CFPB Crackdown: Unfair Practices Hurting Consumers

This includes Appraisal payments to appraisers by AMCs

by Josh Tucker, June 5, 2024

Comments must be received on or before August 2, 2024

Excerpts: As we all know many AMCs are not paying Customary & Reasonable fee as required by TILA. They have consistently pushed down the pay of Appraisers while making undisclosed profit off consumers and prioritizing cheapest and fastest over quality and competency. The CFPB has been in communication with individuals behind the scenes and are concerned with what has been shown enough to include AMCs in their data collection process.

Now is the time to send them everything we have. To drive legitimate change, we must encourage as many appraisers as possible to submit all relevant information to the contact details provided below.

CONSUMER FINANCIAL PROTECTION BUREAU

[Docket No. CFPB-2024-0021] NOTE: USE THIS LINK TO READ THE DOCUMENT AND THIS NAME TO USE THE COMMENTS PORTAL BELOW.

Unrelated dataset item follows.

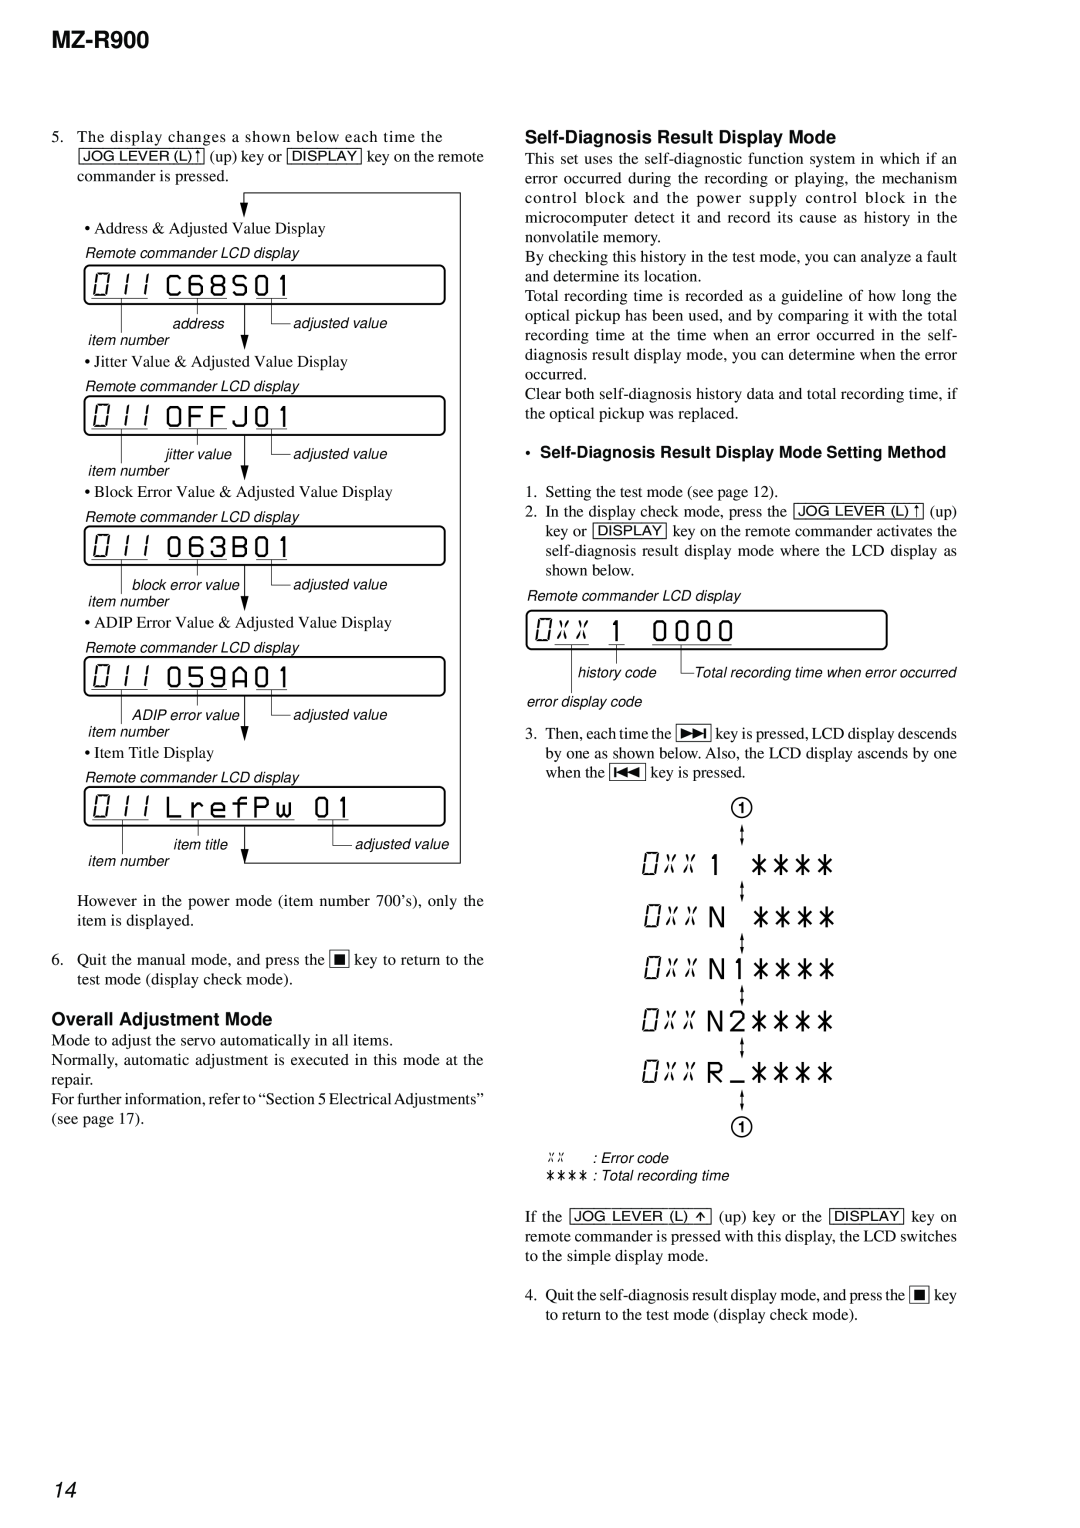 Sony MZ-R900 service manual 011 0 5 9 A, L r e f P w, 011C 6 8 S, 011O F F J, 0110 6 3 B, 0XX 1, 0XX N 0XX N 0XX R

Request for Information Regarding Fees Imposed in Residential Mortgage Transactions AGENCY: Consumer Financial Protection Bureau.

ADDRESSES: You may submit comments identified by Docket No. CFPB-2024-0021, by any of the following methods:

Federal eRulemaking Portal: http://www.regulations.gov . Follow the instructions for submitting comments. NOTE: THE SEARCH WAS NOT WORKING ON JUNE 6. MAY WORK LATER. CAN USE EMAIL.

Email: 2024-RFI-ResidentialMortgageFees@CFPB.gov. Include Docket No. CFPB-2024-0021 in the subject line of the message.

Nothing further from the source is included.